Specifically however in relation to health, work is ongoing to review and reform adult safeguarding within the health and social care sector in Ireland. A revised HSE adult safeguarding policy has remained in draft since 2019. As the HSE has been developing its revised policy and implementation plan, the Department of Health is planning to publish its draft policy for consultation. In addition, a Health (Adult Safeguarding) Bill is included in the Government’s legislative programme. The purpose of this Bill, which is separate and distinct to the Adult Safeguarding Bill 2017, is to underpin a planned national health sector policy on safeguarding vulnerable or at-risk adults in the context of their interactions with the health sector.

The main provider of services to safeguard in Ireland is the HSE which operates an Adult Safeguarding Policy within older persons services and services for people with disabilities. The “Safeguarding Vulnerable Persons at Risk of Abuse - National Policy and Procedures”, which applies to all HSE and HSE funded services, outlines a number of principles to promote the welfare of vulnerable people and safeguard them from abuse. These include a requirement that all services must have a publicly declared “No Tolerance” approach to any form of abuse and must promote a culture which supports this ethos.[2]

However, despite the policies that are in place, following certain serious scandals in the sector, serious failings have been uncovered within the HSEs’ current system.
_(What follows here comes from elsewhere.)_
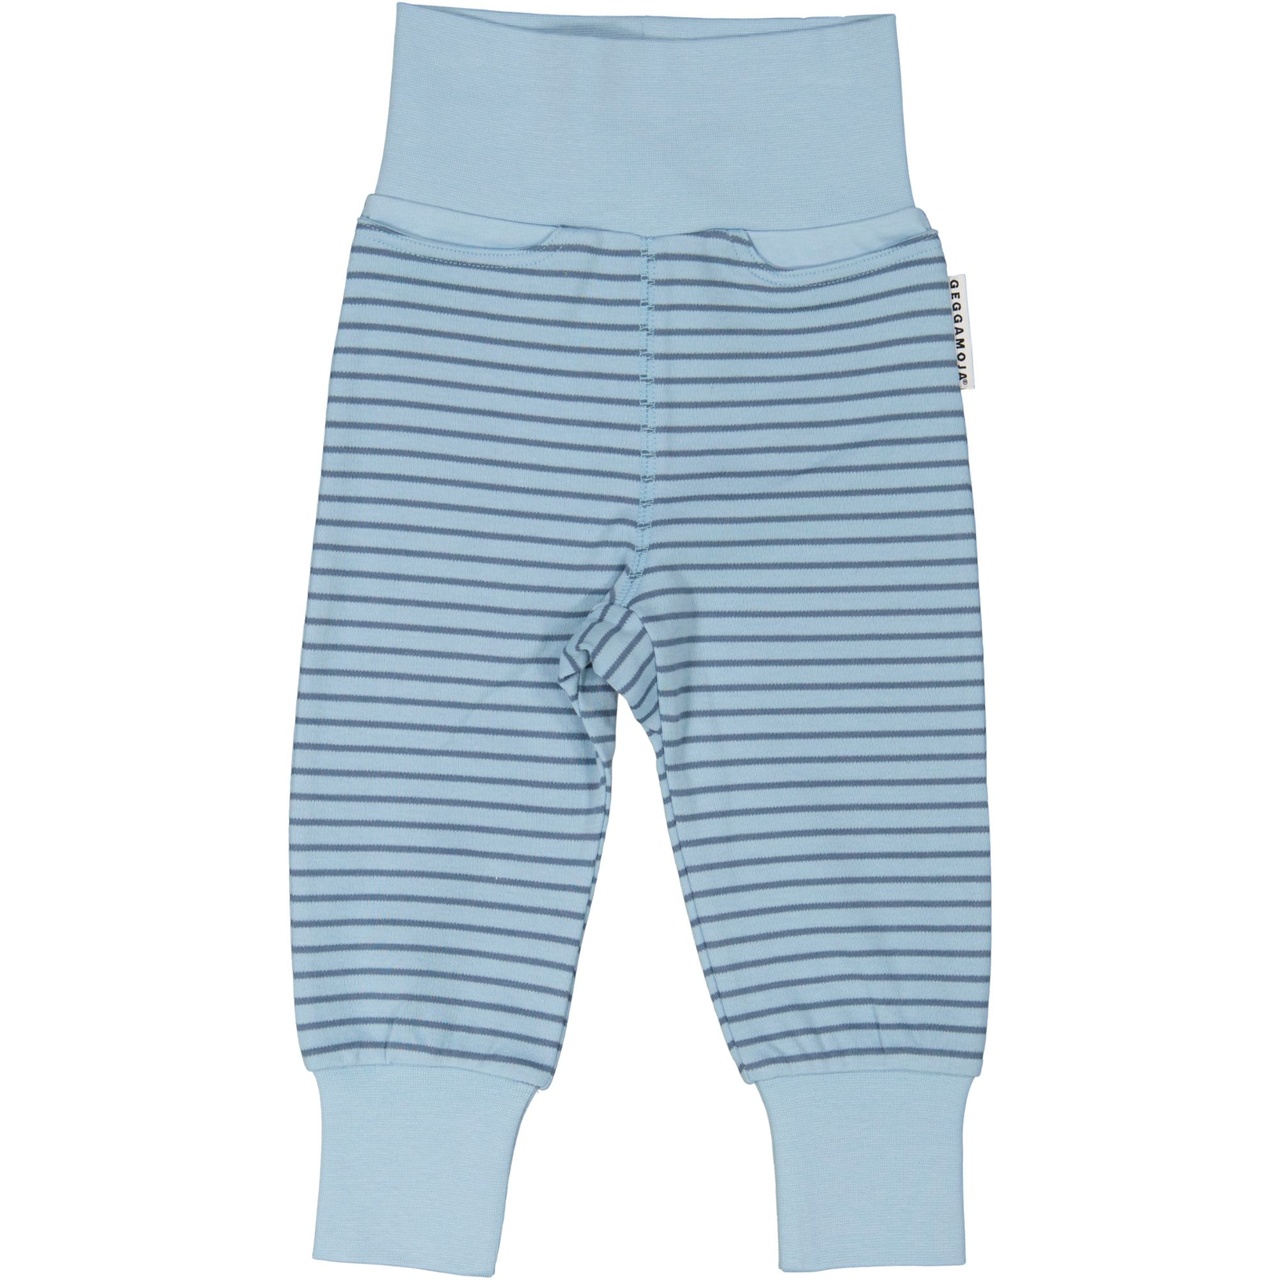 Baby trousers L.blue/blue86/92
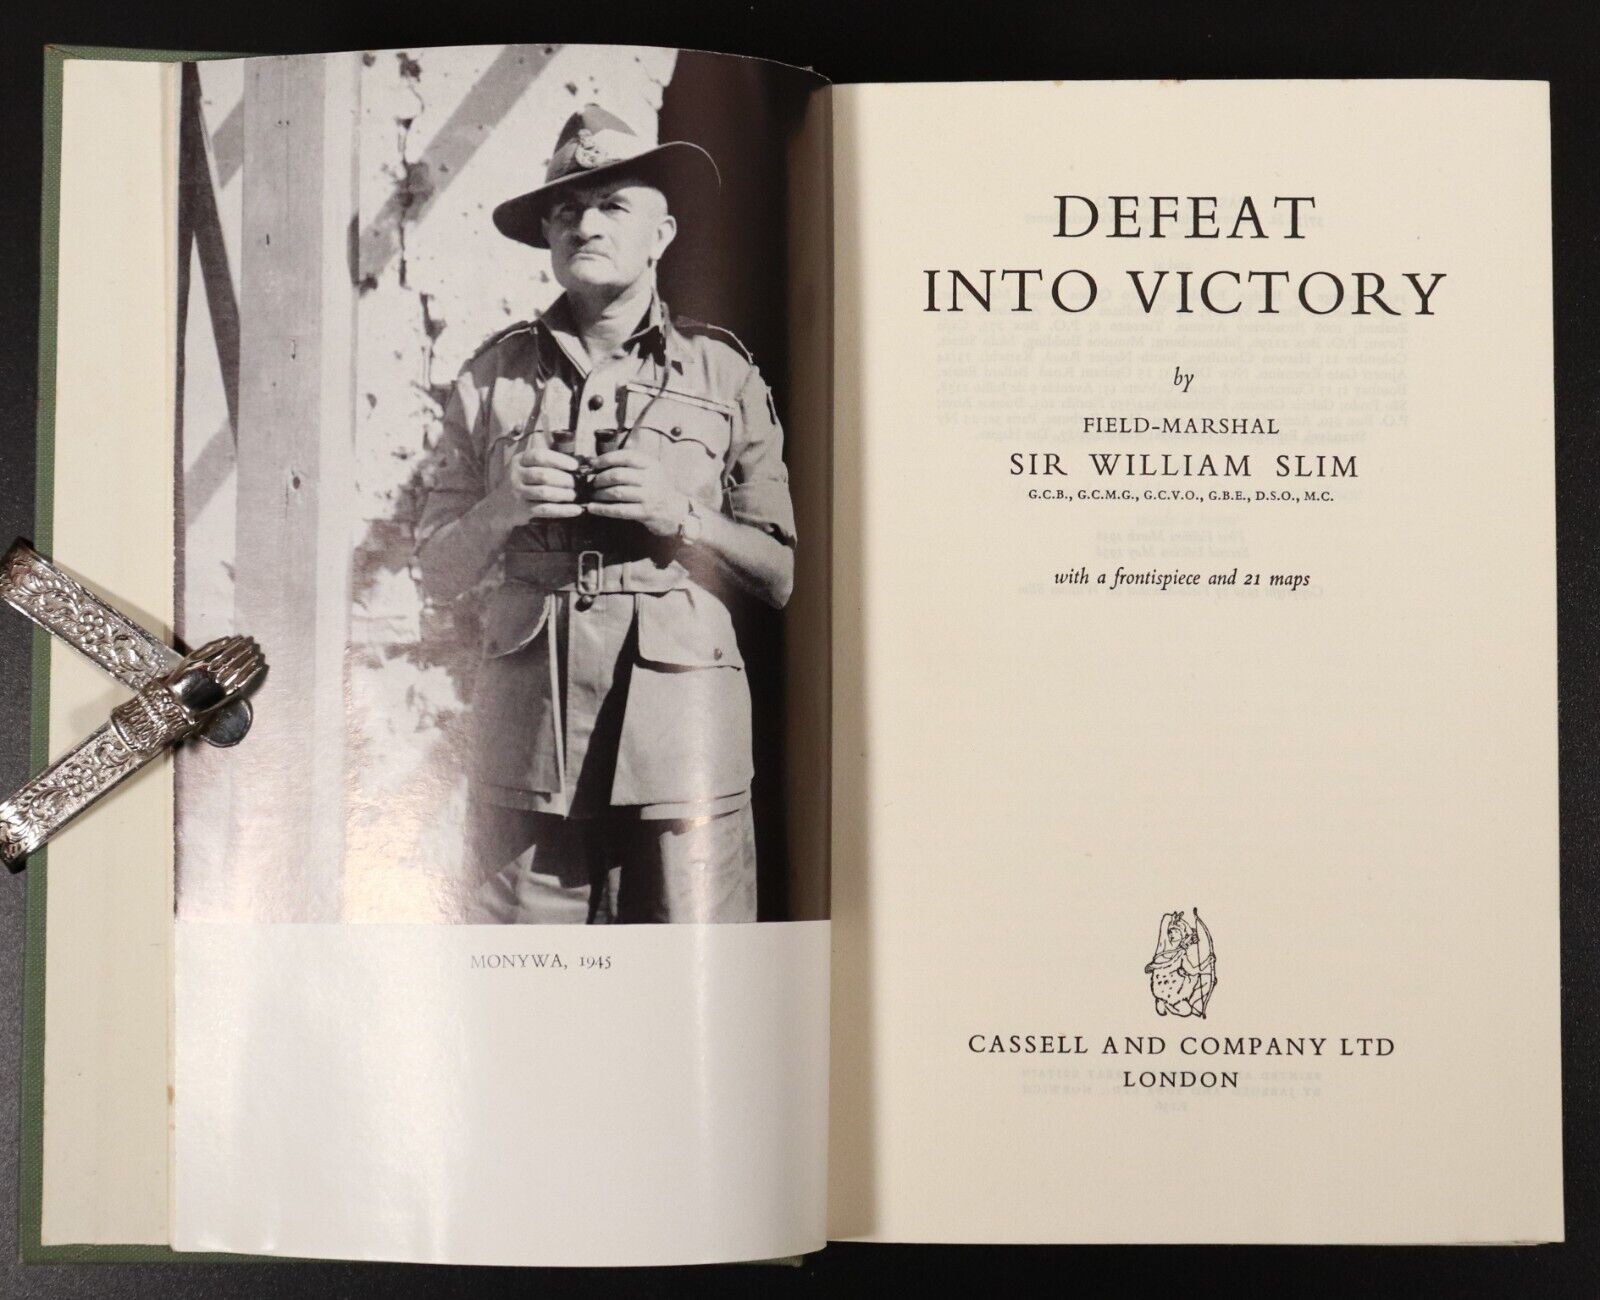 1956 Defeat Into Victory by Sir William Slim Vintage WW2 Burma Military Book - 0

In 2017, the National Independent Review Panel (NIRP) was established by the HSE to review "the most serious incident's within the HSE and HSE funded disability services". Evidence reviewed by the NIRP of serious incidents at HSE-run facilities in Co Donegal showed abuse occurred with the full knowledge of staff and management of the facility at the time. [3]

In December 2021, the HSE released part of this external review by the NIRP in August 2020, which found that a former resident with intellectual disabilities, given the pseudonym ‘Brandon’, perpetrated at least 108 sexual assaults on upwards of 18 intellectually disabled adults, most of them non-verbal, between 2003 and 2016 in Co. Donegal. The HSE fully accepted the findings of the report and apologised for ‘failings in care’. The Executive Summary of the Brandon Report found a lack of external management oversight and that leadership from the HSE also allowed the situation to worsen. In the wake of the ‘Brandon’ review, HSE management provided assurances that adult safeguarding was being resourced.

There is a considerable amount of work still to be done on the area of adult safeguarding in Ireland and we await further developments.